* Instructions for the task *
Every line below should be copied exactly; drop the pictures.

* Supplied material *
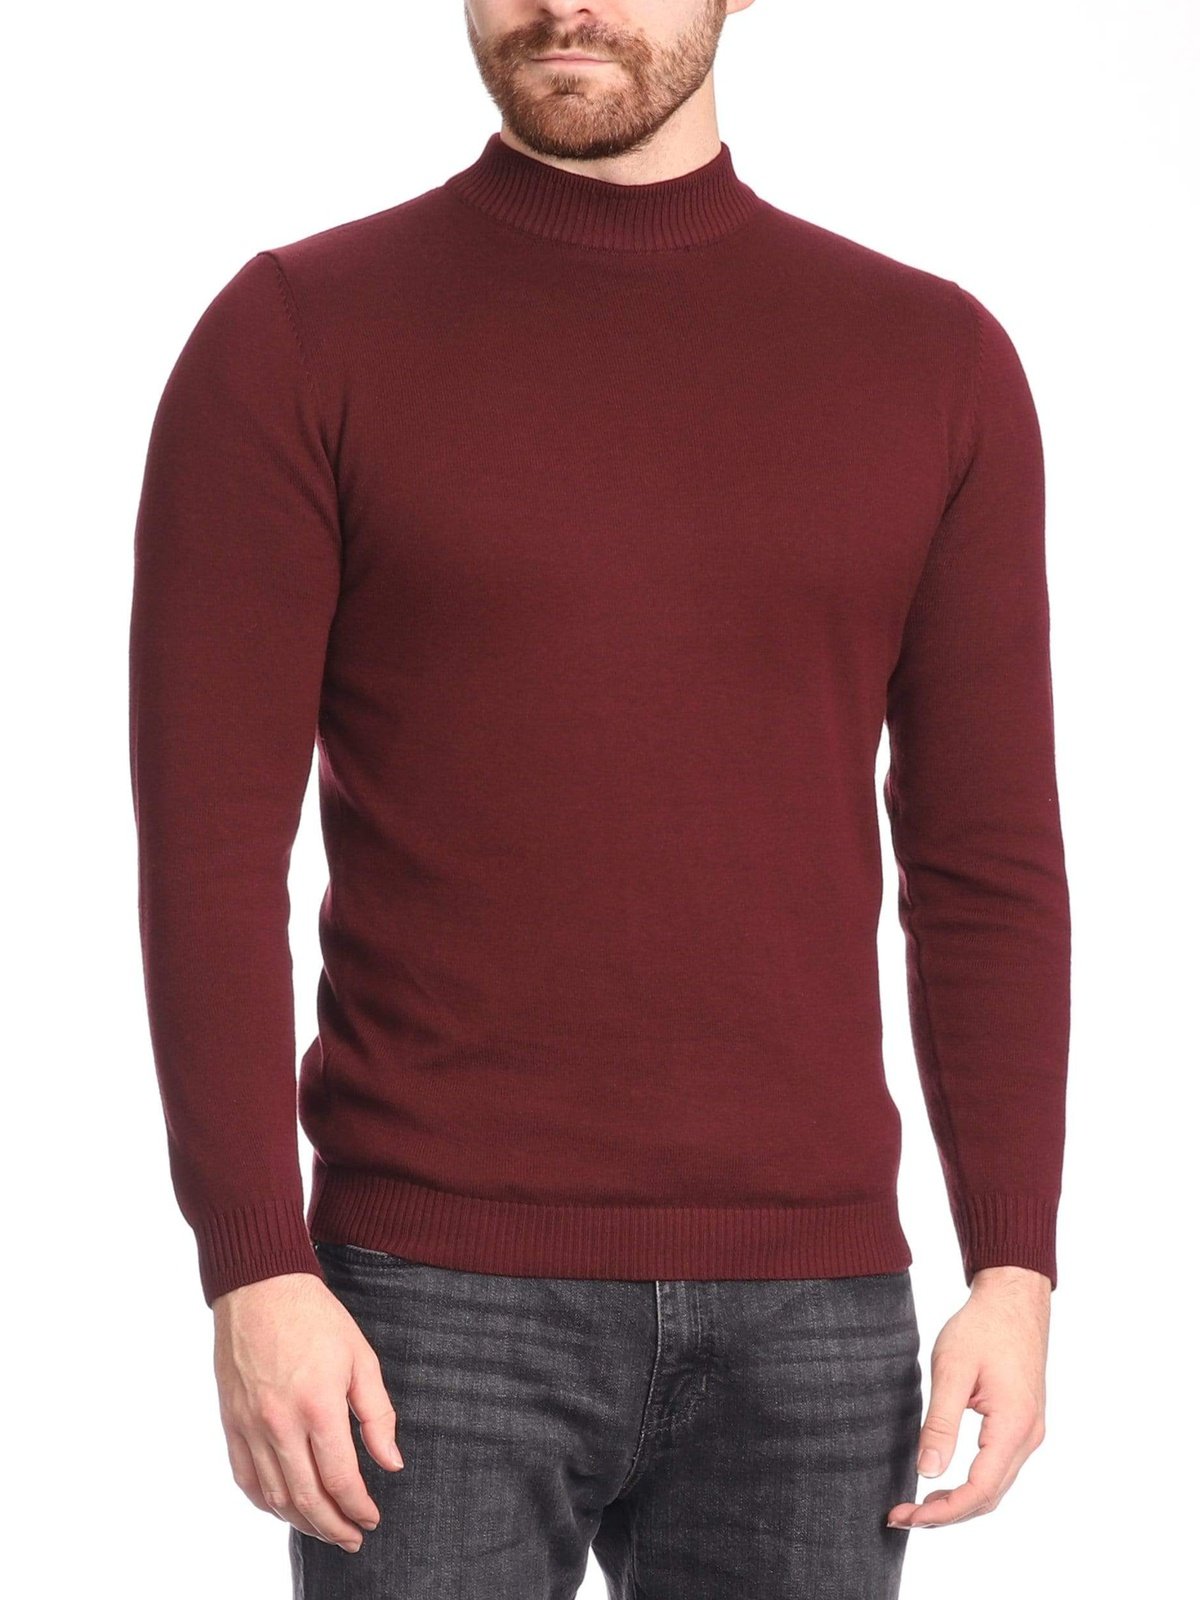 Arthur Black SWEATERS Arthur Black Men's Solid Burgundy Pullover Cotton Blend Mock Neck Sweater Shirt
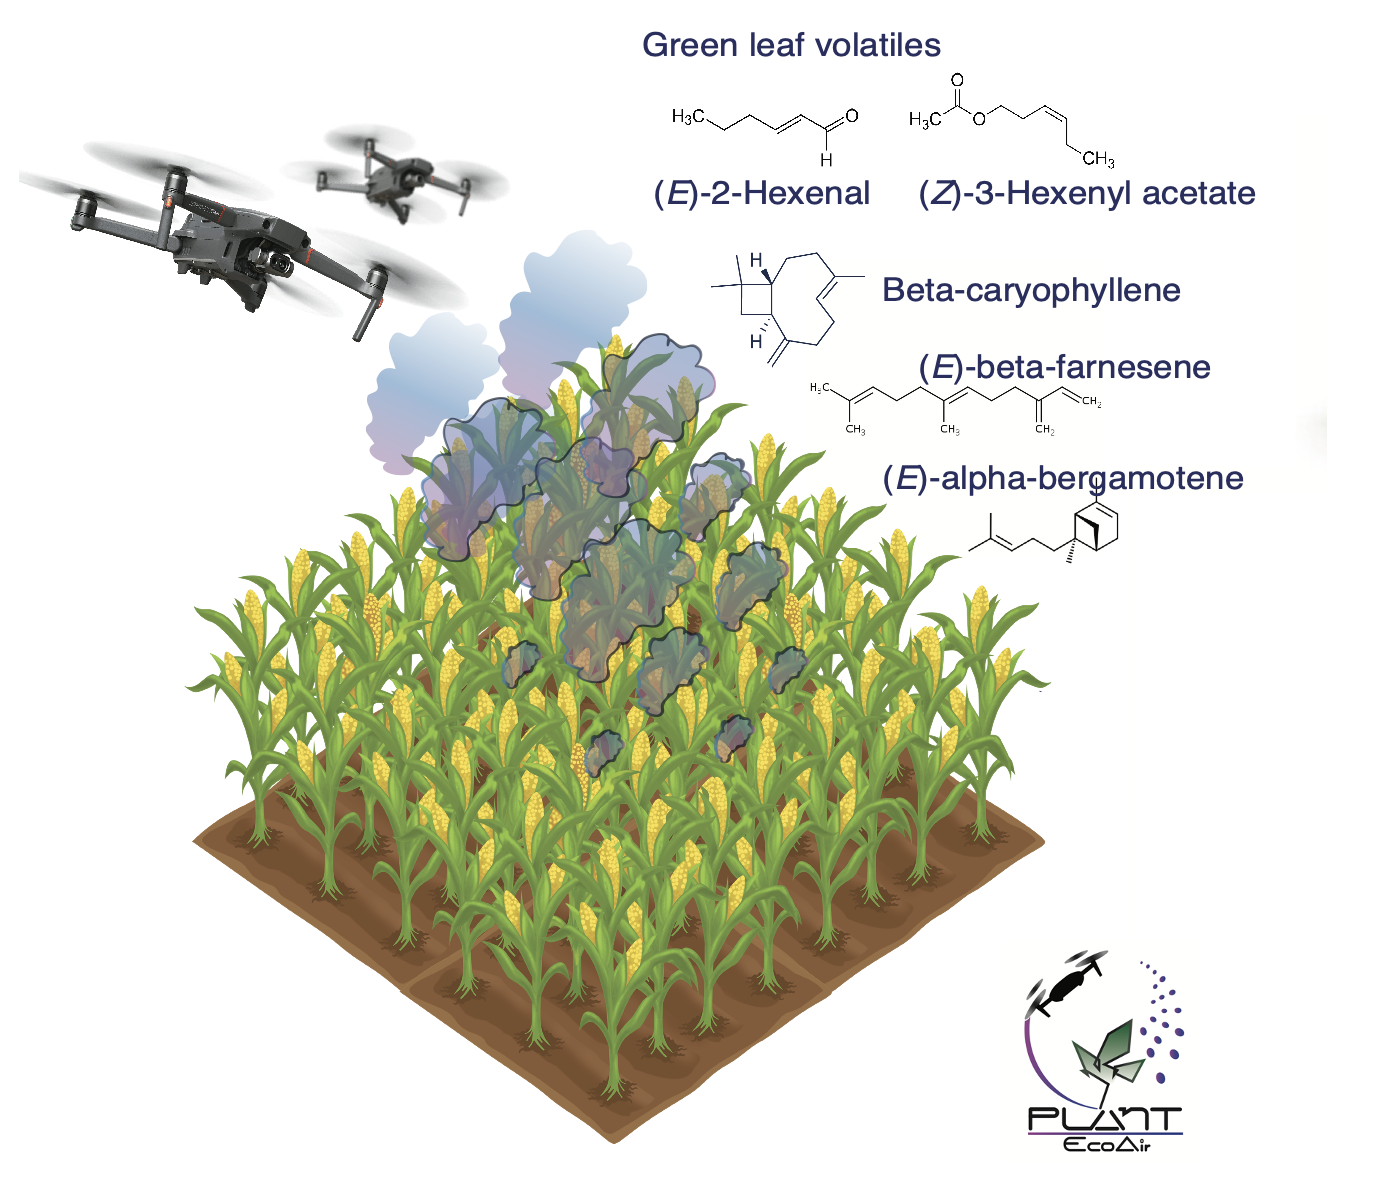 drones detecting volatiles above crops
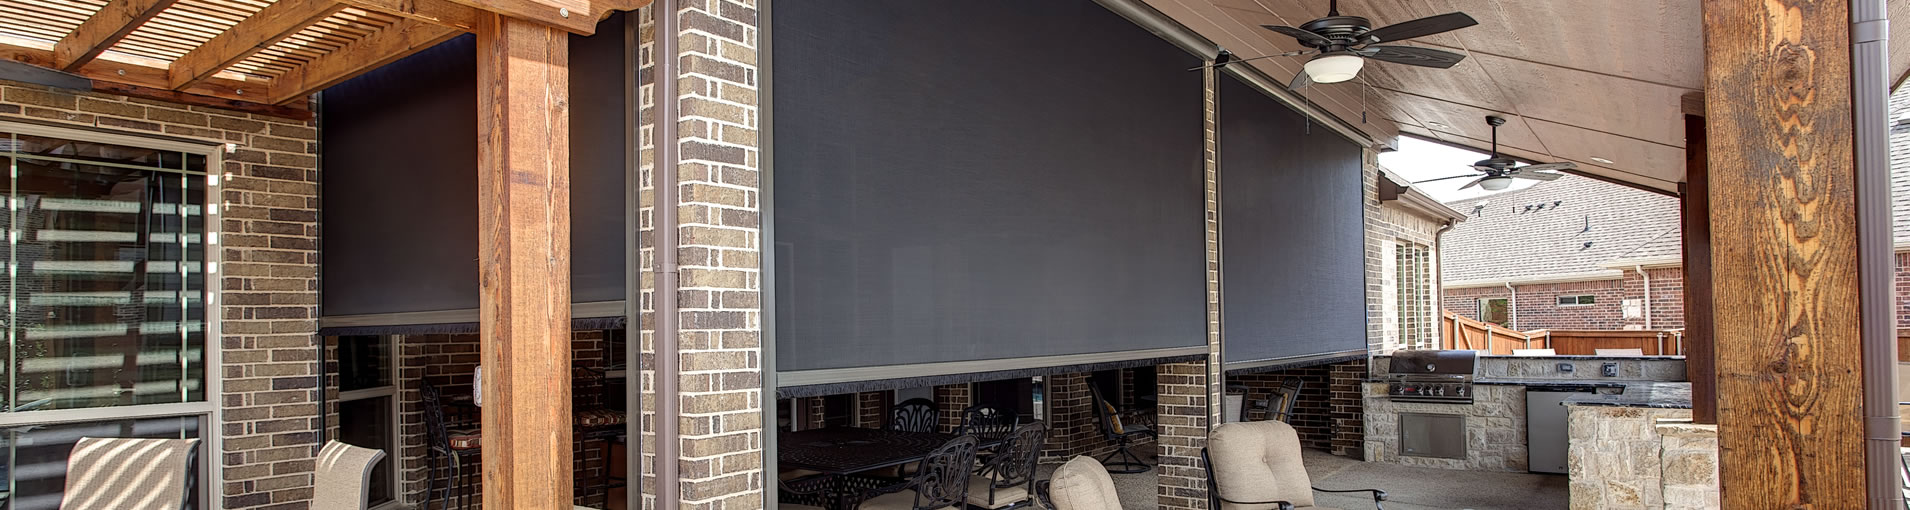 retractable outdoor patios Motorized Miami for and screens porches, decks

* Worked solution *
 Arthur Black SWEATERS Arthur Black Men's Solid Burgundy Pullover Cotton Blend Mock Neck Sweater Shirt
 drones detecting volatiles above crops
 retractable outdoor patios Motorized Miami for and screens porches, decks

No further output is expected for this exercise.